Koreri.com,Bintuni– Berdasarkan Undang-undang nomor 4 tahun 2011 tentang geospasial yang merupakan informasi terkait tentang wilayah, lokasi plus, atau koordinat, tugasnya untuk menyediakan peta dasar di seluruh Indonesia yang digunakan untuk berbagai keperluan, diantaranya seperti tata ruang.

“Geospasial, adalah Badan Informasi,  lembaga pemerintah nonkementerian Indonesia yang bertugas melaksanakan tugas pemerintahan di bidang informasi geospasial”.

Hal ini disampaikan Kepala Badan Informasi Geospacial Indonesia (BIG) Prof Dr Rer Nat Muhammad Aris Murfai,M.Sc dihari kedua kegiatan Musrembang Rencana Pembangunan Jangka Menengah Daerah (RPJMD) Kabupaten Teluk Bintuni Periode 2021-2026 di Gedung serba guna (GSG) Jalan raya Kali Kodok Bintuni, Kamis (9/12/2021).

Dikatakan Aris Murfai, selain yang berkaitan dengan tata ruang, ada pula deliniasi batas, seperti contoh bila masih adanya permasalahan yang terjadi tentang batas desa atau kelurahan, Daerah, Provinsi bahkan batas Negera, itu semua nanti yang bertugas untuk penyelesaiannya adalah dari BIG.

“Jadi nanti bapak ibu sekalian, kalau belum selesai dengan tapal batas desa, itu nanti kami yang bertugas untuk membantu bapak ibu sekalian” bebernya.

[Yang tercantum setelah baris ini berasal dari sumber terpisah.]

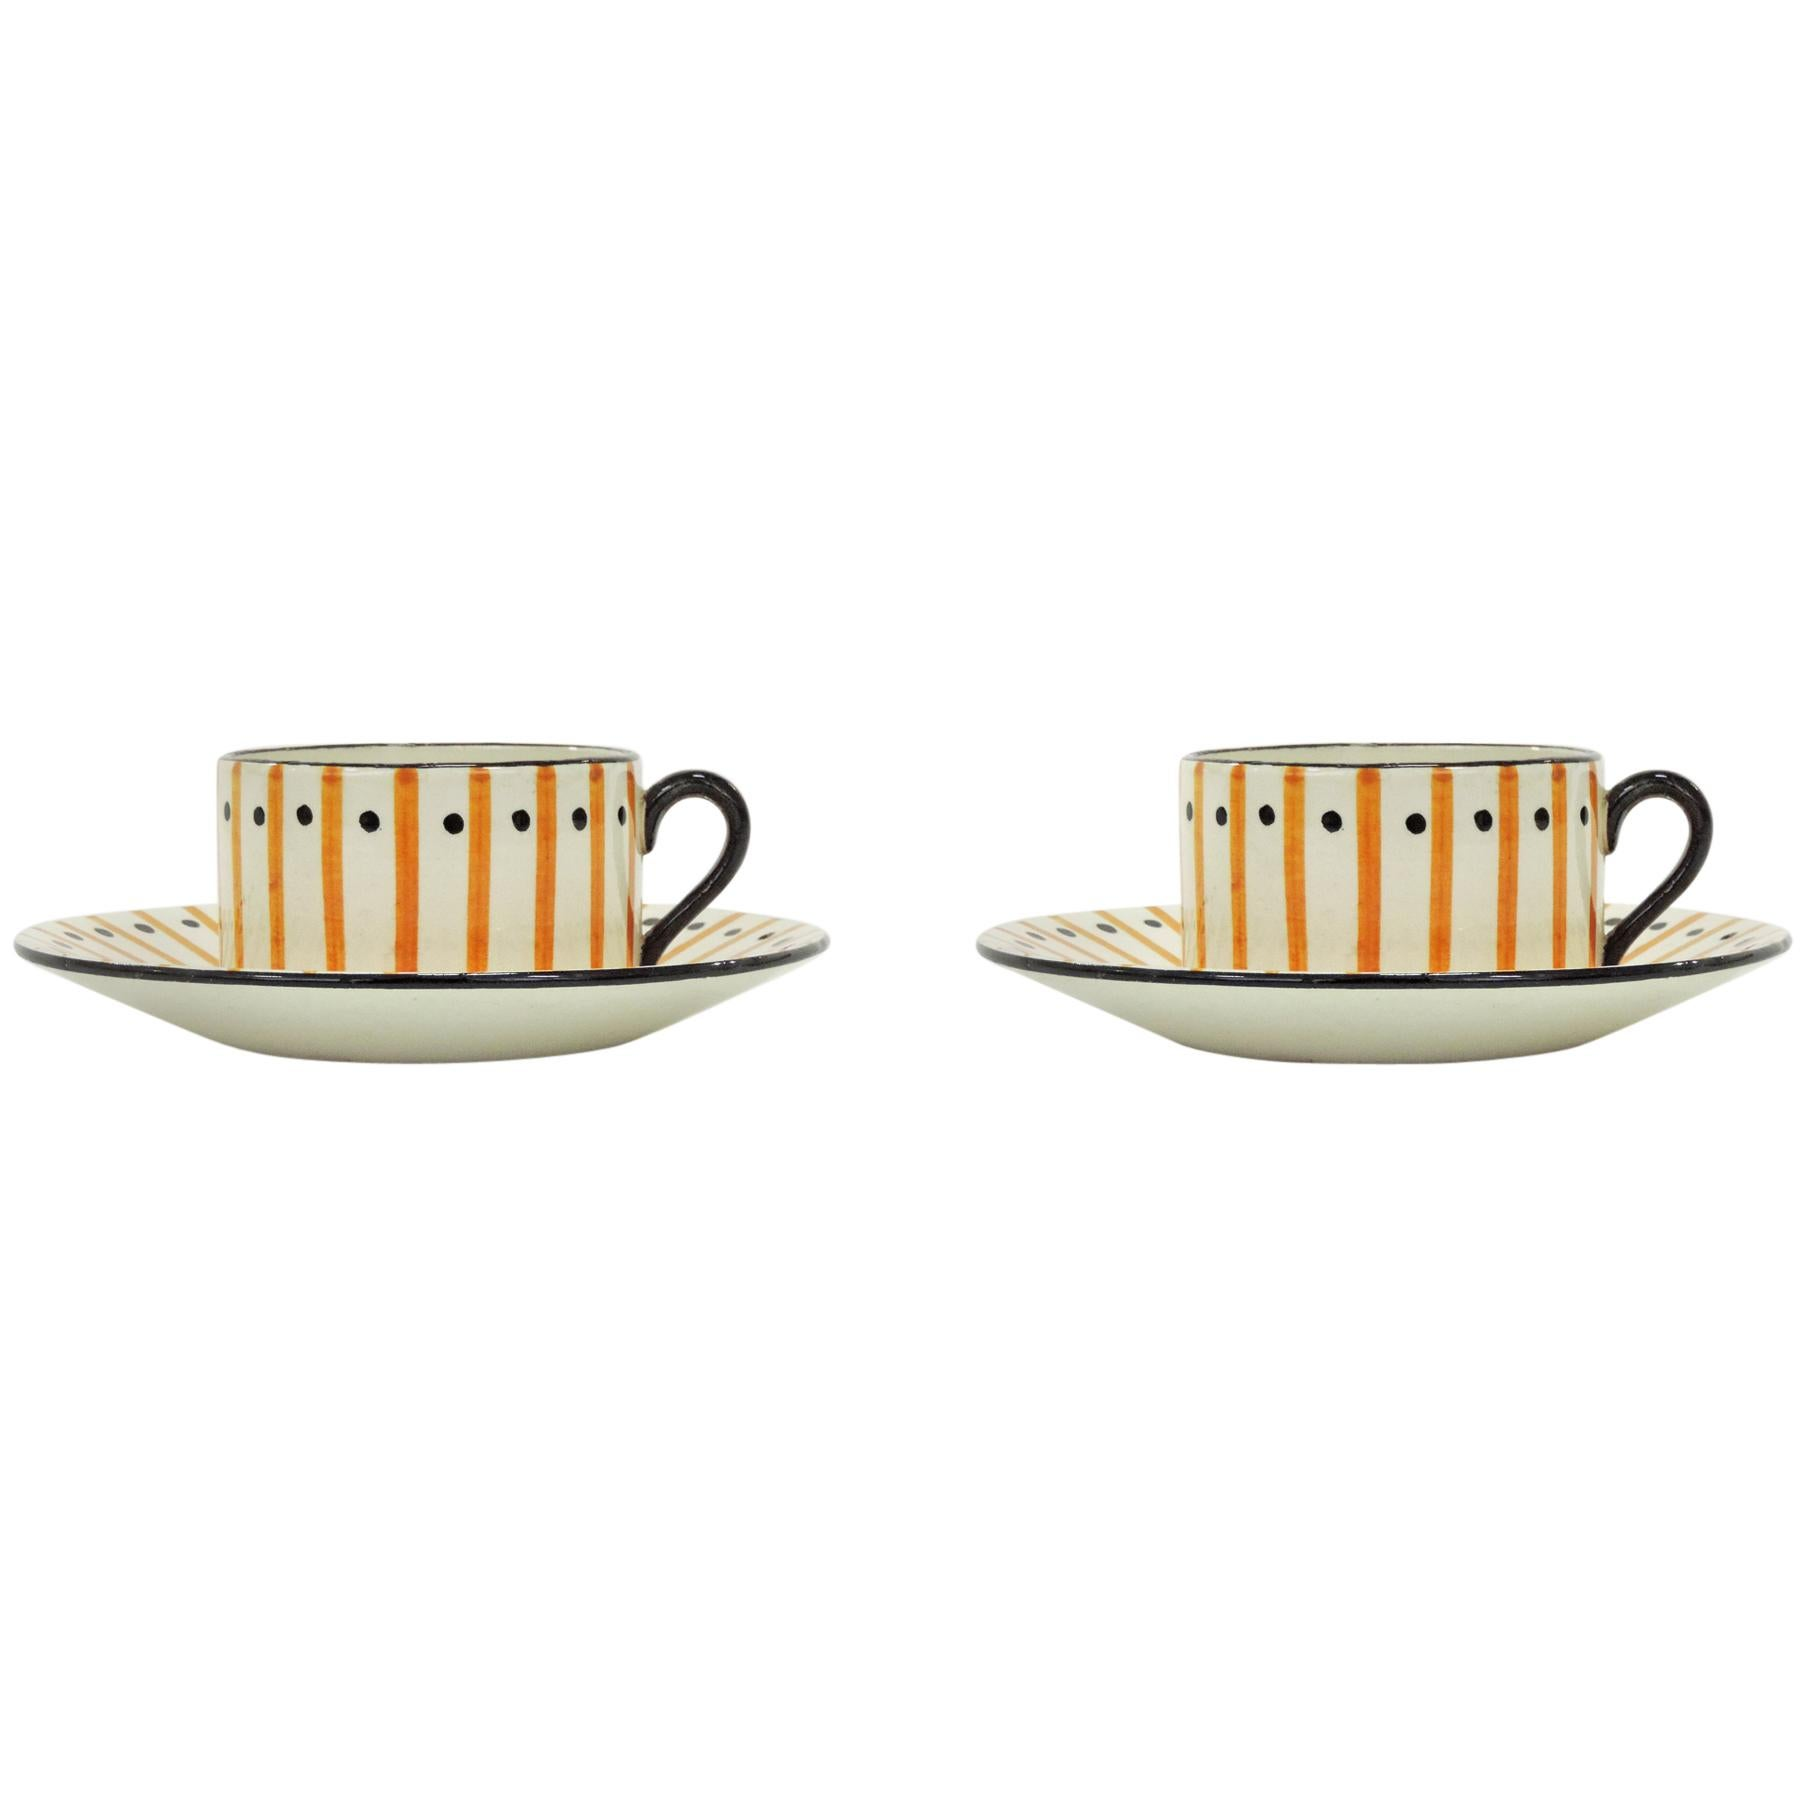 Pair of Art Deco Atelier Primavera Tea Set, France, 1930s
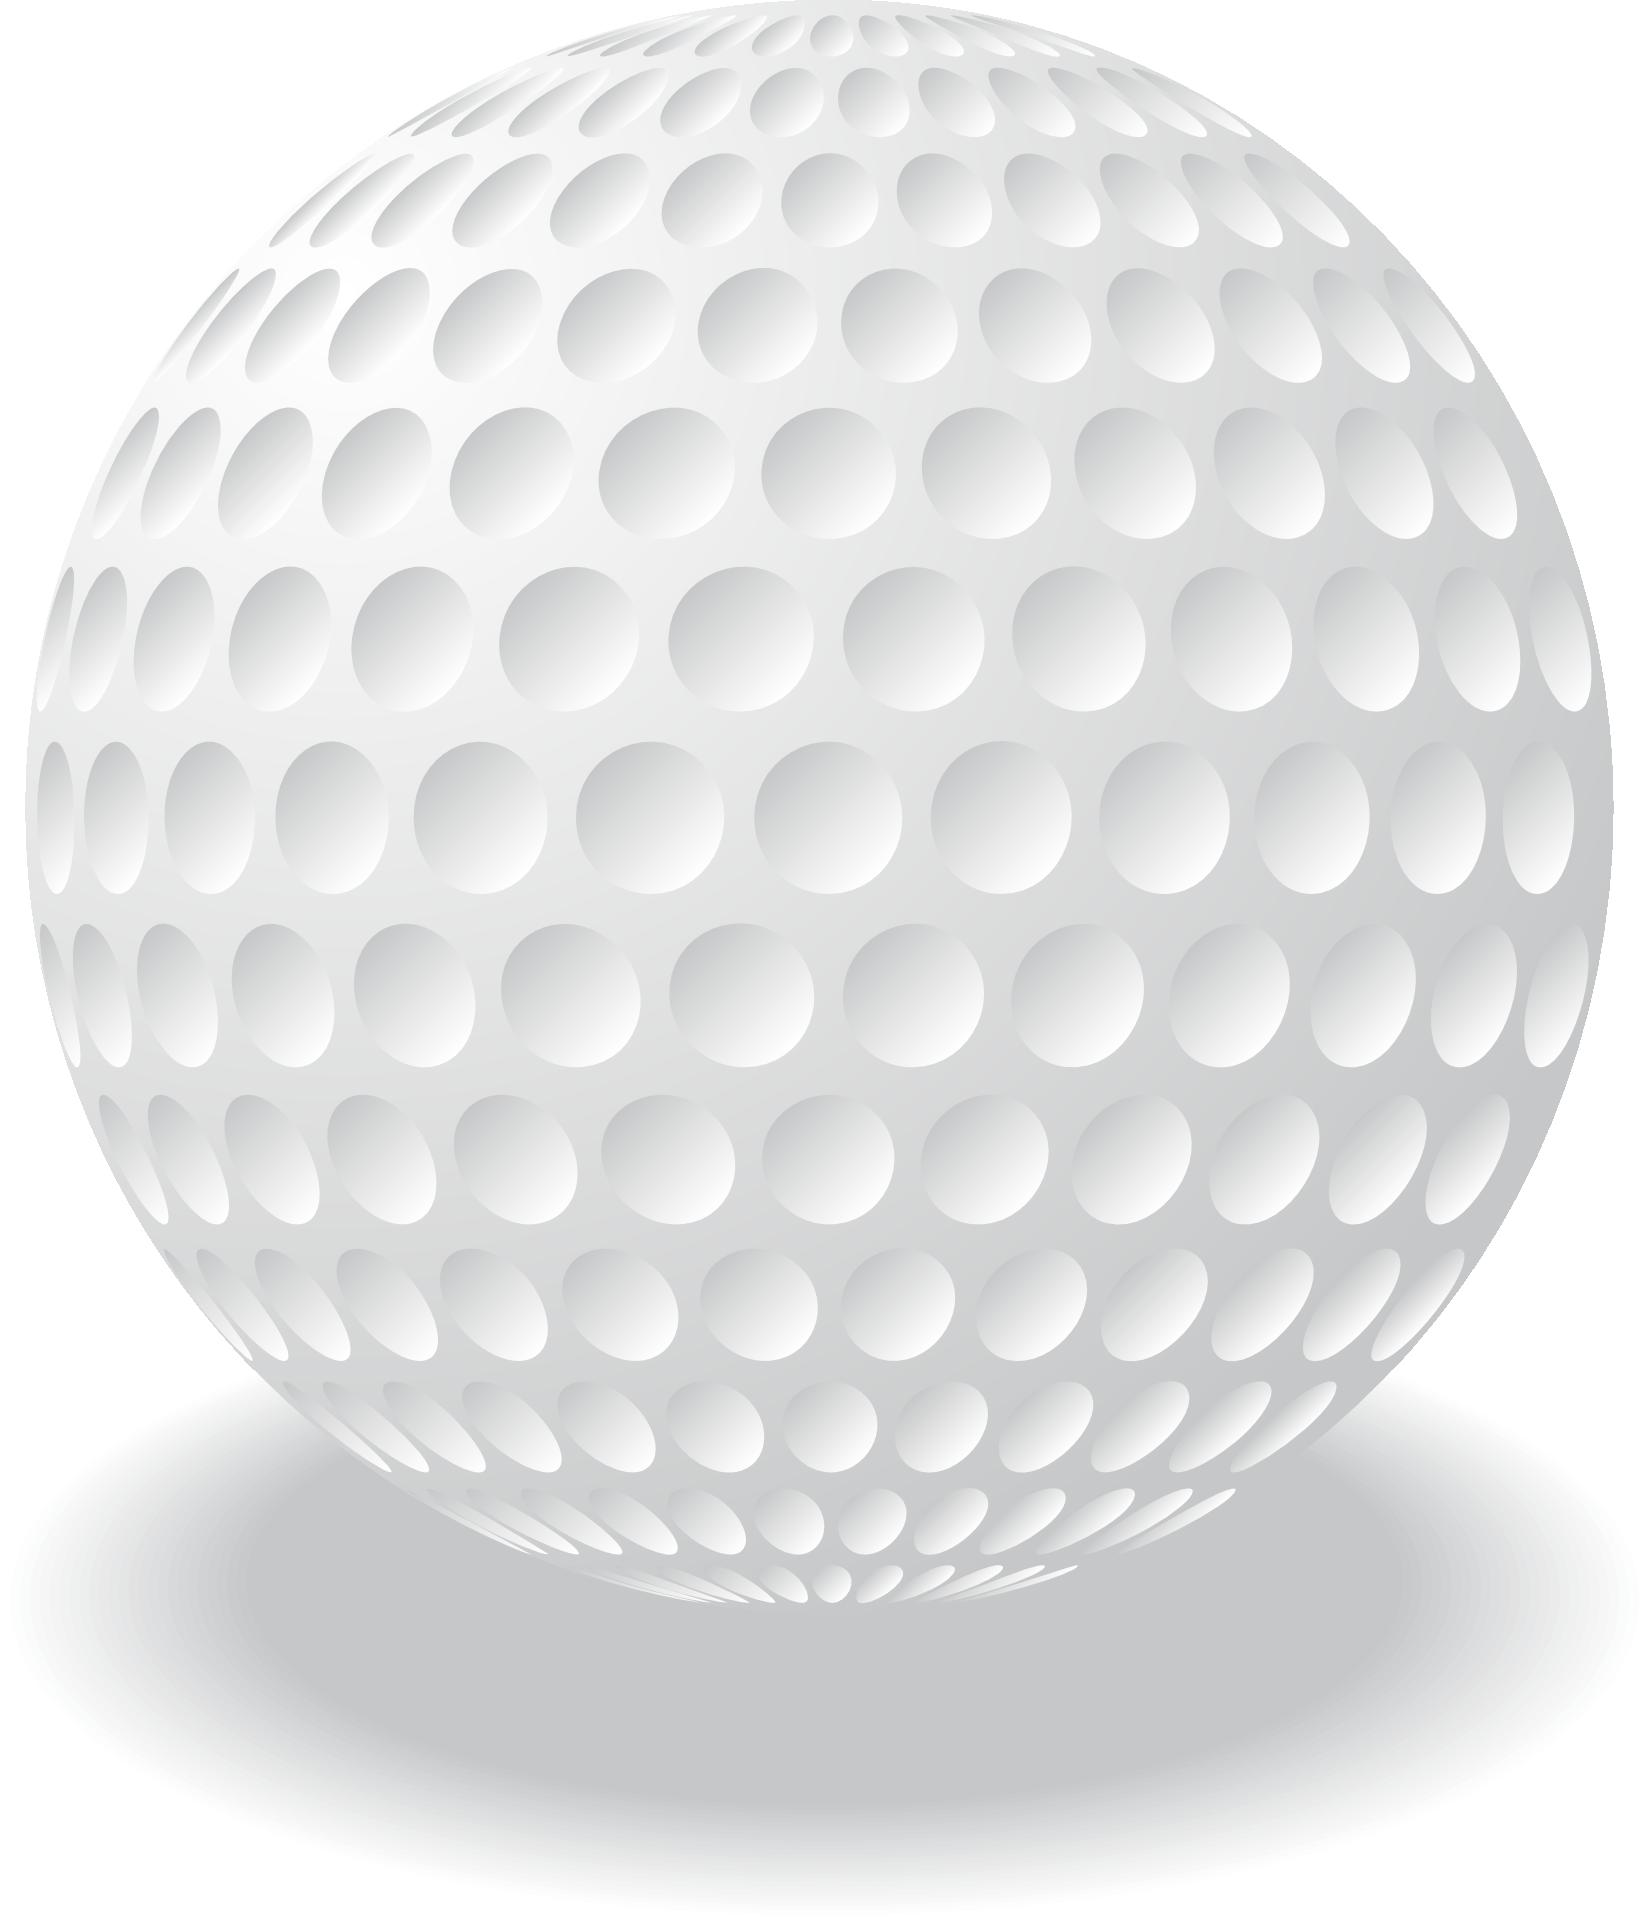 White Golf Ball Vector

Jadi tugas kami adalah menyusun yang berkaitan dengan regulasi bagaimana membuat peta yang benar, kemudian membantu Pemda, kementerian, atau lembaga, tentang bagaimana membuat peta tematik yang benar.

“Seperti peta batas, peta administrasi nanti kita yang bantu” tuturnya.

Lanjut Aris Murfai, dan tugas kami yang berikutnya yaitu melakukan penyusunan peta dengan pembinaannya, dan tugas BIG dalam dua tahun terakhir ini akan mencari skema bagaimana 1 : 5000 seluruh Indonesia dapat selesai. Jika ini udah selesai maka untuk perencanaan pembangunan daerah di wilayah kawasan industri seperti Teluk Bintuni ini nanti bisa dengan basis peta kita. karena tidak akan mungkin perencanaan tanpa peta.

“Untuk Teluk Bintuni, Papua kita harus bisa bekerja keras, untuk kita detail kan” tegasnya

Tambah Aris Murfai, perlu diketahui untuk peta itu sendiri memiliki referensi vertikal, sehingga kita menggunakan stasiun pasang surut, dan di seluruh Indonesia kami punya 206 stasiun, untuk di wilayah Papua yang paling dekat untuk Kabupaten Teluk Bintuni itu berada di Manokwari.

“Ia pun berharap kepada seluruh peserta musrembang RPJMD kali ini, perlu meningkatkan literasi geospasial, pemahaman kita terkait dengan data dan informasi geospasial merupakan bagian penting dalam berbagai proses perencanaan dalam pelaksanaan pembangunan, selain untuk FDTR, RT RW, juga untuk kawasan bencana, kawasan pemukiman, itu banyak hal membutuhkan informasi geospasial, jadi itu yang saya tekankan pada peserta” tutupnya.